◆ **Data in this exercise**
##############################

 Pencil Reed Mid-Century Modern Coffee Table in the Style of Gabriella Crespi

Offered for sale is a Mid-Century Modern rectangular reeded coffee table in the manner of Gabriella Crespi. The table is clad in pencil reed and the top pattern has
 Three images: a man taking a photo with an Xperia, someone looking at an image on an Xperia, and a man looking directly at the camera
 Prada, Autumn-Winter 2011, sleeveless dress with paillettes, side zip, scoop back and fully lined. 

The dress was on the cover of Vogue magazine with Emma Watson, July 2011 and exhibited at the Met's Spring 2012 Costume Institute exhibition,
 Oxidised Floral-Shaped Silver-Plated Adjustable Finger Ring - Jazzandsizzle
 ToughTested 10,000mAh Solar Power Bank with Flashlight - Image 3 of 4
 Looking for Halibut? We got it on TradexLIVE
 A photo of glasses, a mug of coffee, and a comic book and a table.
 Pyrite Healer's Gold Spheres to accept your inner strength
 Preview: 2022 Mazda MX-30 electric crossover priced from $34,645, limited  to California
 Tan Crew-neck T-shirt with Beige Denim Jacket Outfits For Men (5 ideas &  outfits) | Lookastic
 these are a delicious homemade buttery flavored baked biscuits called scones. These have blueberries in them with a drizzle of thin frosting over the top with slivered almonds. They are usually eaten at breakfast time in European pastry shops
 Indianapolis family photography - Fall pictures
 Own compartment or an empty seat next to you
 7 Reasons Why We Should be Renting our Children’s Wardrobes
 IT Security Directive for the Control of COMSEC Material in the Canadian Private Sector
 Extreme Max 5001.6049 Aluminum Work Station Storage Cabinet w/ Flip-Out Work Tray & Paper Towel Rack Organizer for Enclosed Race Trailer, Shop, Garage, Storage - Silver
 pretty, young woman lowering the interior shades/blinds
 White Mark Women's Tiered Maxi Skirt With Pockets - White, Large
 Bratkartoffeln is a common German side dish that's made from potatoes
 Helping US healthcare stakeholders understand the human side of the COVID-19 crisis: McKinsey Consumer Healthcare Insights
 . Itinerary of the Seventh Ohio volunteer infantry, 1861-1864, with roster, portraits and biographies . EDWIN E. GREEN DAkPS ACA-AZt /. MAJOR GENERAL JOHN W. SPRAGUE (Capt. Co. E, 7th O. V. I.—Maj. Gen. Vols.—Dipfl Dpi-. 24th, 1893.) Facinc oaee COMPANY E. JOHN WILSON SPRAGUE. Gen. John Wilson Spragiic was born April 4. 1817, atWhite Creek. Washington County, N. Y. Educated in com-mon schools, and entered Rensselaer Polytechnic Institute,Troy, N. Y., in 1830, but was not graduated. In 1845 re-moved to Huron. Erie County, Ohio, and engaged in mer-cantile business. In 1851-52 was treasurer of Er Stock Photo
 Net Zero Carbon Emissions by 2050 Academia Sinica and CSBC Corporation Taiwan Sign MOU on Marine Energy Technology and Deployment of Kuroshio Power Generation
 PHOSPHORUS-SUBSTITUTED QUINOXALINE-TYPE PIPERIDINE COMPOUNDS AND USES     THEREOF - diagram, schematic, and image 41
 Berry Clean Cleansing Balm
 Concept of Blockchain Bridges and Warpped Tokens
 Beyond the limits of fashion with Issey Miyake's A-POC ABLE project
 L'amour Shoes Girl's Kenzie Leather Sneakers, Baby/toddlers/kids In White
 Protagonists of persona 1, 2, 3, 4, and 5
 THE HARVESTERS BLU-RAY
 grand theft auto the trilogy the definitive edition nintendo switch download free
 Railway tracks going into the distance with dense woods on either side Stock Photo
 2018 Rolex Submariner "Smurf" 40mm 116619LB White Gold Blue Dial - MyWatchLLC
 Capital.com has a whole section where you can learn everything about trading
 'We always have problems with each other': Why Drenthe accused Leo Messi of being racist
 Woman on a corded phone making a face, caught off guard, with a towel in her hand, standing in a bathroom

##############################

◆ **Task to carry out**
Please reproduce exactly the lines above, beginning with the first and ending with the line that contains "Looking for Halibut? We got it on TradexLIVE", and include nothing outside that range.

◆ **Task solution**
 Pencil Reed Mid-Century Modern Coffee Table in the Style of Gabriella Crespi

Offered for sale is a Mid-Century Modern rectangular reeded coffee table in the manner of Gabriella Crespi. The table is clad in pencil reed and the top pattern has
 Three images: a man taking a photo with an Xperia, someone looking at an image on an Xperia, and a man looking directly at the camera
 Prada, Autumn-Winter 2011, sleeveless dress with paillettes, side zip, scoop back and fully lined. 

The dress was on the cover of Vogue magazine with Emma Watson, July 2011 and exhibited at the Met's Spring 2012 Costume Institute exhibition,
 Oxidised Floral-Shaped Silver-Plated Adjustable Finger Ring - Jazzandsizzle
 ToughTested 10,000mAh Solar Power Bank with Flashlight - Image 3 of 4
 Looking for Halibut? We got it on TradexLIVE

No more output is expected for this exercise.